The robot is encouraged to maintain a desired height as specified by the commanded altitude. A penalty is applied for deviations from this target height:

R_{z} = (z - z_{ref})^2

Where:

$z$ is the current base height.
$z_{ref}$ is the target height specified in the commands.

4. Pose Similarity Reward

To keep the robot's joint poses close to a default configuration, a penalty is applied for large deviations from the default joint positions:

R_{pose\_similarity} = \|q - q_{default}\|^2

Where:

$q$ is the current joint position.
$q_{default}$ is the default joint position.

5. Action Rate Penalty

To ensure smooth control and discourage abrupt changes in actions, a penalty is applied based on the difference between consecutive actions:

R_{action\_rate} = \|a_{t} - a_{t-1}\|^2

Where:

$a_t$ and $a_{t-1}$ are the actions at the current and previous time steps, respectively.

6. Vertical Velocity Penalty

To discourage unnecessary movement along the vertical ( $z$ ) axis, a penalty is applied to the squared $z$ -axis velocity of the base when the robot is not actively jumping. The reward is:

R_{lin\_vel\_z} = v_{z}^2

Where:

$v_{z}$ is the vertical velocity of the base.
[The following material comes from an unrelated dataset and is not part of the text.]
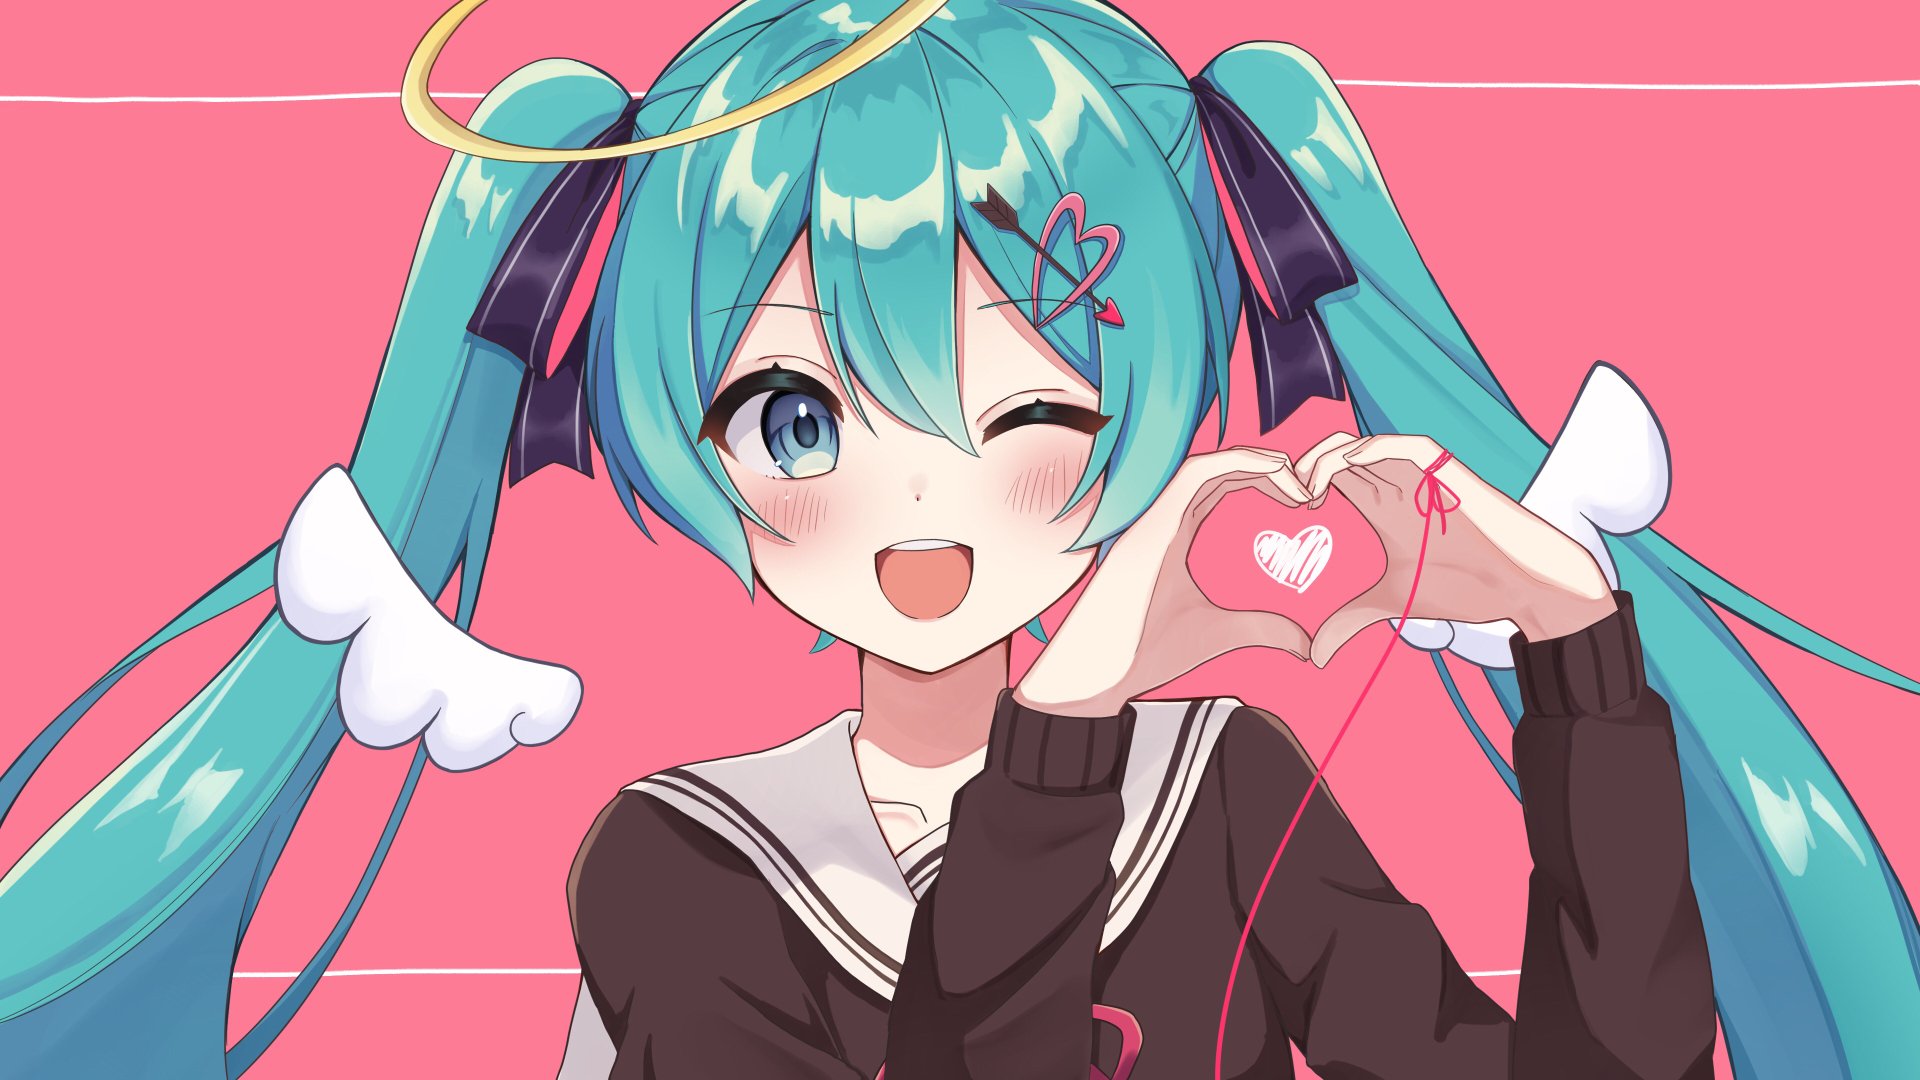 1080x2280 Hatsune Miku Vocaloid Anime Girl 4k One Plus 6,Huawei p20,Honor  view 10,Vivo y85,Oppo f7,Xiaomi Mi A2 HD 4k Wallpapers, Images,  Backgrounds, Photos and Pictures

7. Roll and Pitch Stabilization Penalty

To ensure the robot maintains stability, a penalty is applied to discourage large roll and pitch deviations of the base. This reward is:

R_{roll\_pitch} = roll^2 + pitch^2

Where:

$roll$ is the roll angle of the base.
$pitch$ is the pitch angle of the base.

This design ensures that the robot learns a balanced policy that prioritizes tracking commands, maintaining stability, and acting smoothly while adhering to physical constraints.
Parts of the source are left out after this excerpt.